Она пятится назад, не отрывая от меня взгляда. В её глазах столько боли, что я физически ощущаю, как что-то обрывается внутри.
— Кстати, — вдруг говорит она уже совсем другим тоном, — я хотела сказать тебе... — она снова судорожно смеётся, — ...что у нас будет ребёнок. Но я ошиблась дверью. Прости за беспокойство.
И она уходит. Просто разворачивается и уходит, оставляя после себя звенящую тишину и запах своих духов — тех самых, которые я подарил ей на нашу последнюю годовщину.
— Влад... — начинает Марина, но я уже натягиваю рубашку.
— Заткнись. Просто... заткнись. Это ты всё подстроила…
Выбегаю в подъезд, но Ирины уже нет. Только эхо её шагов затихает где-то внизу. Достаю телефон — гудки, гудки, гудки... "Абонент временно недоступен".
А знаете, что ещё паршиво в изменах? То, что иногда одна ошибка, одно неверное решение может разрушить всё, что ты строил годами. И никакие извинения, никакие оправдания уже не склеят разбитое.
Я сползаю по стене, сжимая в руках телефон. В голове крутится только одна мысль: "У нас будет ребёнок". Будет? Или уже нет? Что теперь будет с нами? С ней? С малышом?
А в памяти, как заевшая пластинка, снова и снова: "Я просто ошиблась дверью..."
Прошла неделя.
Ирина не отвечала на звонки. Когда я приехал домой — квартира оказалась пуста. Только записка на столе:
"Мне нужно время. Не ищи меня."
Но я искал. Конечно, искал! Обзвонил всех друзей, её родителей, даже бывших одноклассниц. Никто ничего не знал. Или не хотел говорить.
А потом появилась Марина.
— Влад, нам надо поговорить, — её голос в телефонной трубке звучал странно. — Это важно. Очень важно.
Мы встретились в том же кафе, где когда-то начался наш роман. Только теперь всё было иначе.
— Я беременна, — выпалила она, едва я успел сесть. — И это твой ребёнок.
Мир покачнулся. В ушах зашумело, а перед глазами поплыли чёрные пятна.
— Что?.. — только и смог выдавить я.
— Что слышал. И я собираюсь его оставить.
Я смотрел на неё и не узнавал. Куда делась та игривая кошечка с медовым голосом?

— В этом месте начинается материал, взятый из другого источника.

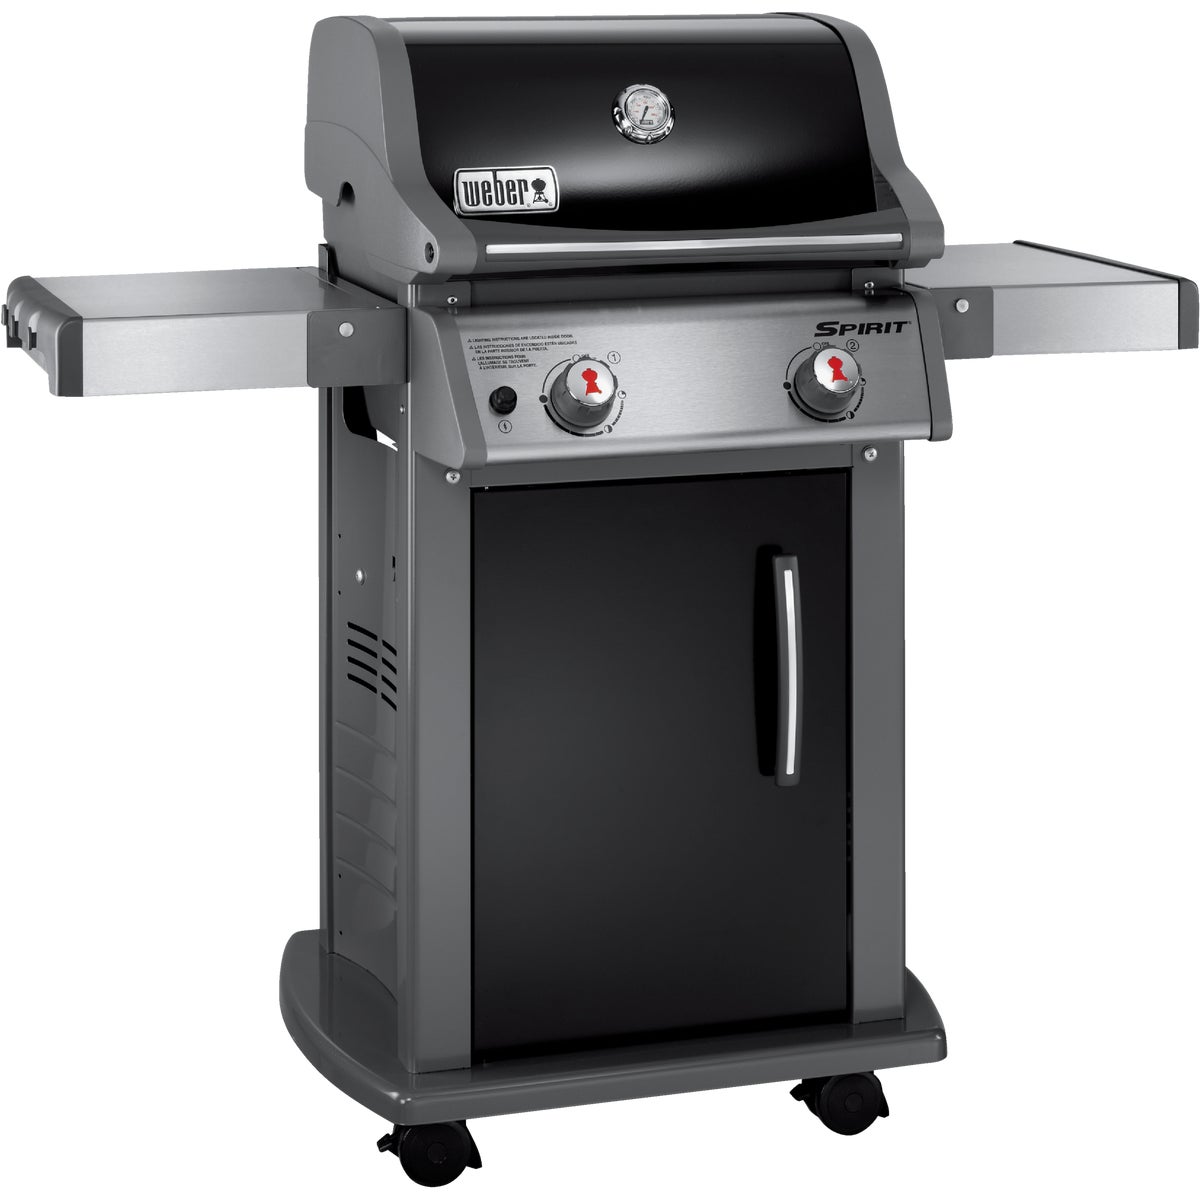 Item 814122, Durable LP gas grill. Features a primary cooking area of 360 Sq. In.
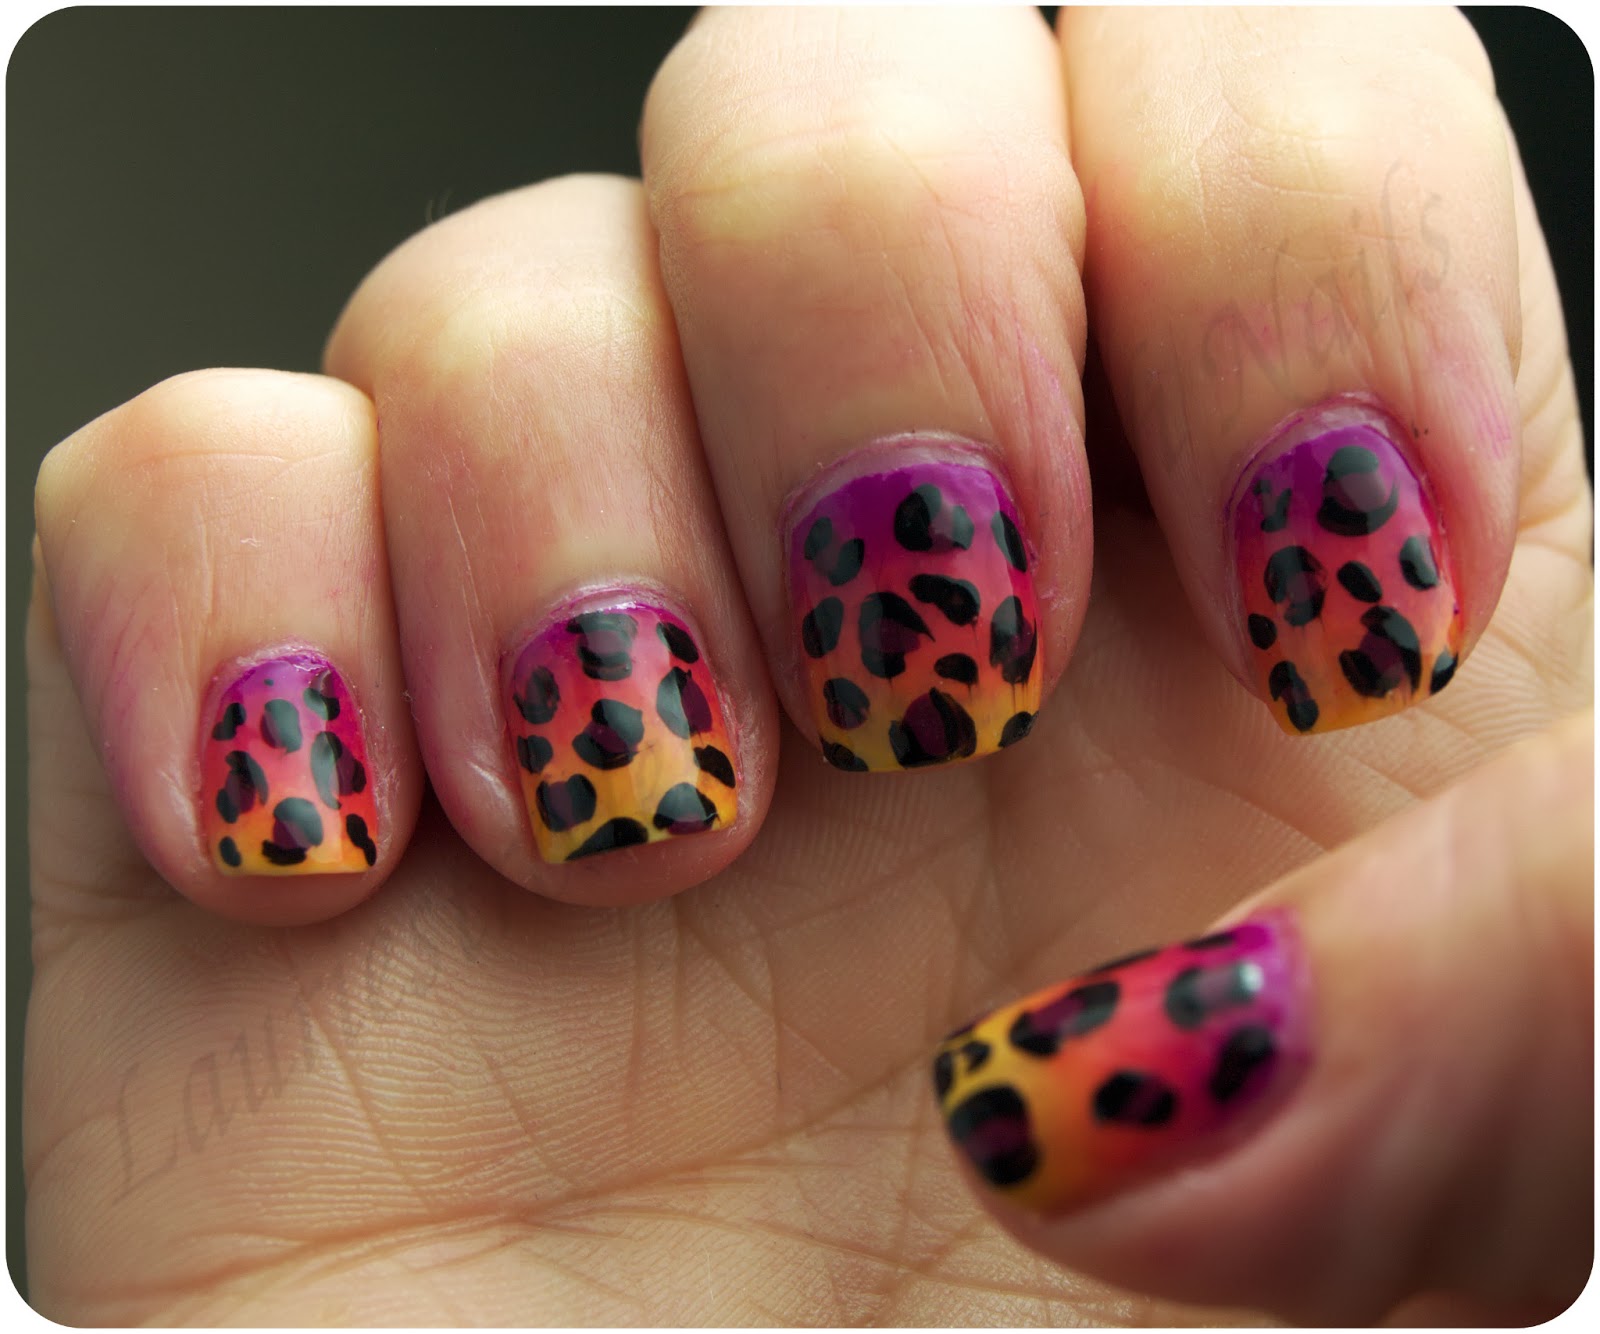 Lauriestrodes Fun With Nails: Fancy Friday #4: Animal Print

Передо мной сидела хищница, готовая вцепиться в свою добычу.
— Марина, послушай...
— Нет, это ты послушай, — она наклонилась ближе. — Я знаю, что ты всё ещё любишь свою жену. Знаю, что ищешь её. Но теперь у тебя есть обязательства и передо мной.
В этот момент у меня зазвонил телефон. На экране высветилось имя тёщи.
— Влад, — голос Анны Михайловны дрожал, — Ирина в больнице. У неё... у неё кровотечение. Врачи говорят, возможен выкидыш.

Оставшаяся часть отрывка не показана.